There is an argument that high-priced stocks reduce liquidity because traders have less incentive to post quotes. It is good for a stock to trade at a bid/ask spread of a couple of “ticks,” the minimum price increment for trading. If a stock is worth $50 and trades at a bid/ask spread of $49.99/$50.01, a trader who posts a bid to buy at $49.99 will be able to buy from anyone who wants to sell immediately. If it’s worth $500 and trades at $499.90/$500.10, a trader who posts a bid to buy at $499.90 might lose out to a trader who bids $499.91. You can’t reliably earn a “normal” spread by trading the stock, so your incentive to provide liquidity is lower. Nasdaq published a paper arguing this point

At the time of Apple’s last split, in 2014, one popular explanation was that Apple was trying to get into the Dow Jones Industrial Average, which is still price-weighted and so still has an old-fashioned fondness for normal-priced stocks, but that worked and now it’s in the Dow so that’s no reason to split again"
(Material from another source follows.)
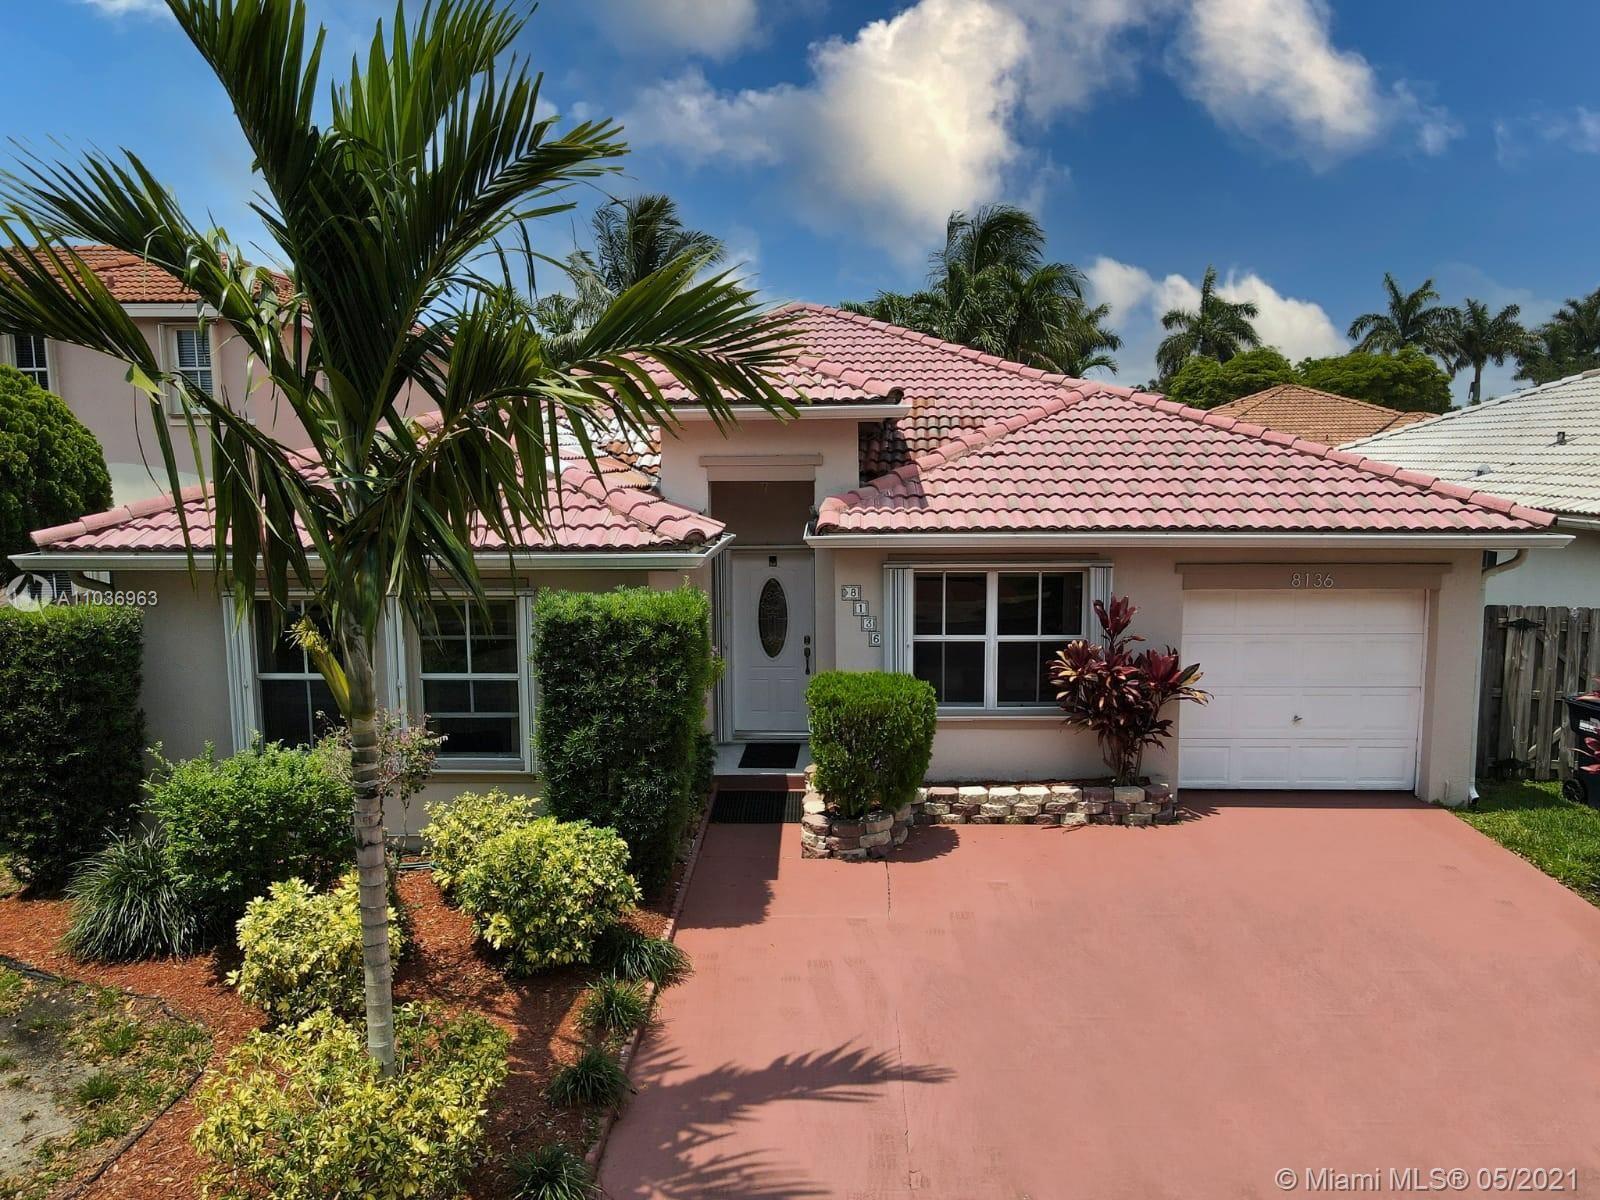 8136 SW 163rd Ct, Miami, FL 33193 - #: A11036963
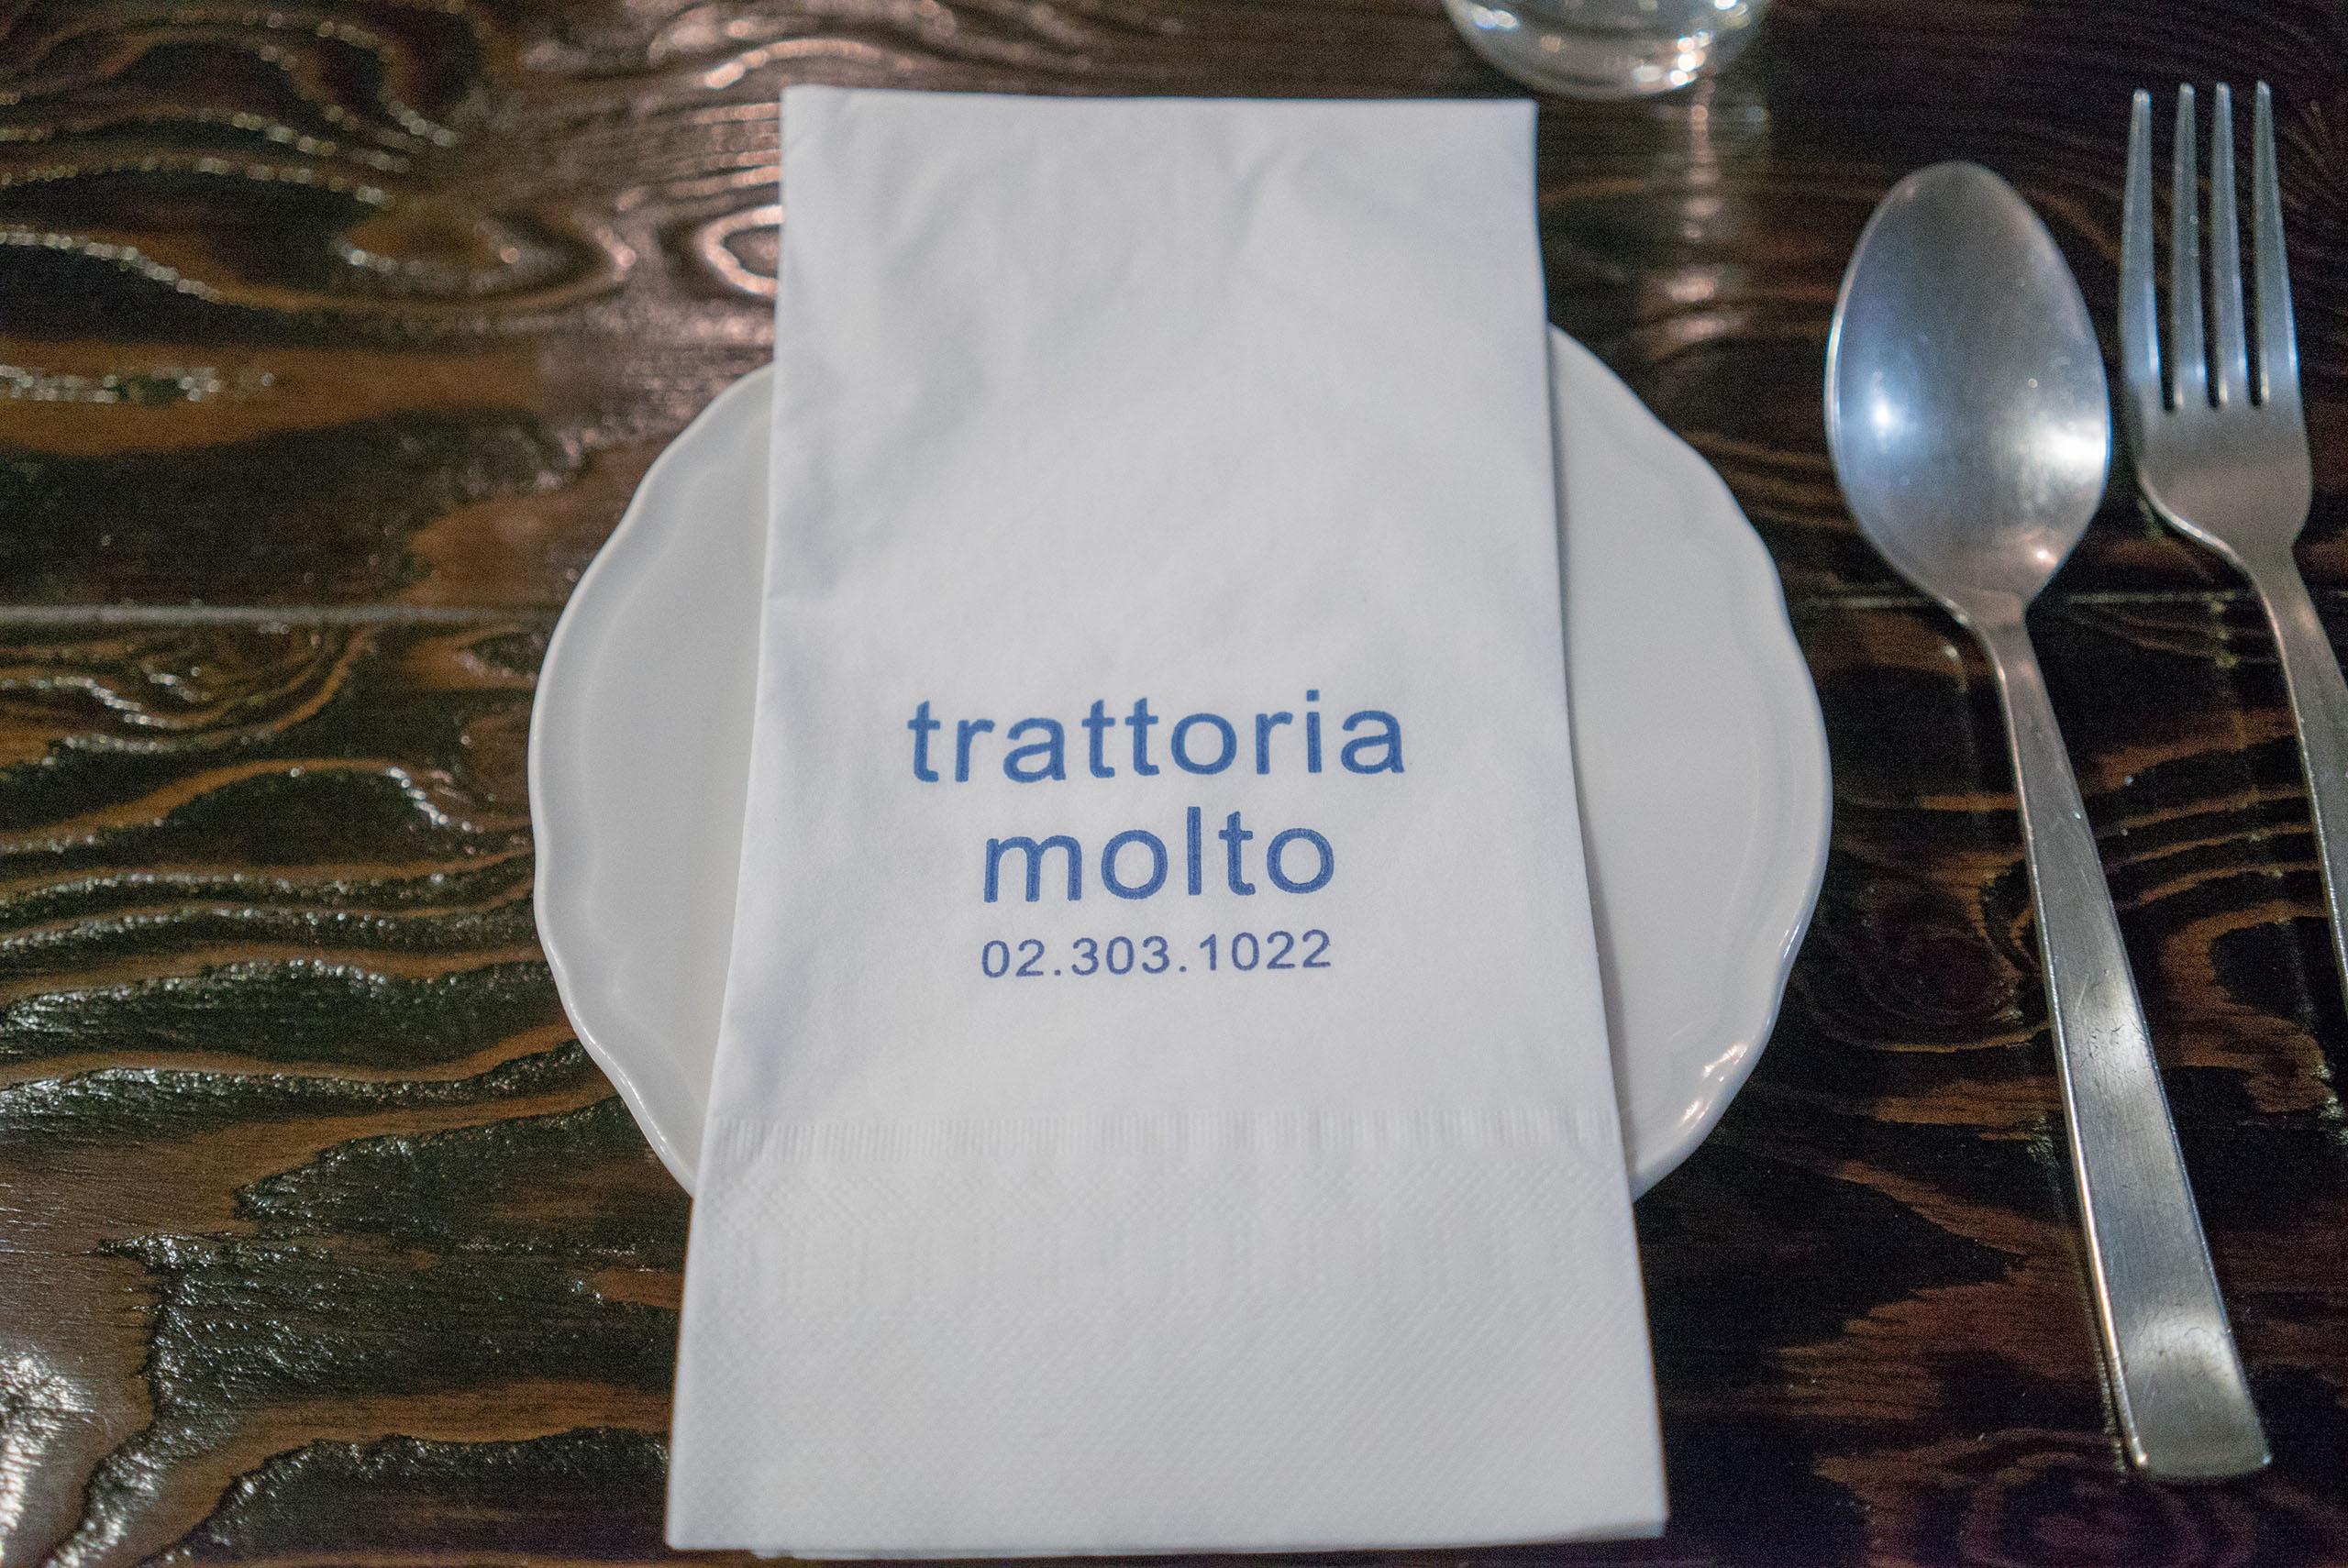 트라토리아 몰토

To entice retail investors to dump money in, brokered by Robinhood, one share at a time (in TSLAs case)

I’m on the fence about TSLA, their value is based on their perceived lead on autonomous driving, which is questionable. Their accounting practices are a bit shady as well. I’m not looking forward to it’s inclusion to the S&P 500.

Stock splits can also be used for companies with values too low (A reverse split) . These companies split to increase the value of stocks in order to prevent delisting from exchanges.
wouldn't a split lower the value of the share price, making it closer to a "penny stock"?
It's commonly called a reverse split.
That's a reverse split. Take the price ie from 10 cents to $1 by doing a 1 for 10 reverse split.
I think I prefer stock splits over dealing with fractional shares.
Fractional shares are already a thing on many brokerage platforms.
Yes, and also finer grained control in general even for larger portfolios. Almost like increasing the resolution.
Also makes the perception of the stock being cheaper. I can't tell you how many times I heard someone say company X stock is cheaper than company Y becausetthey compare nominal price.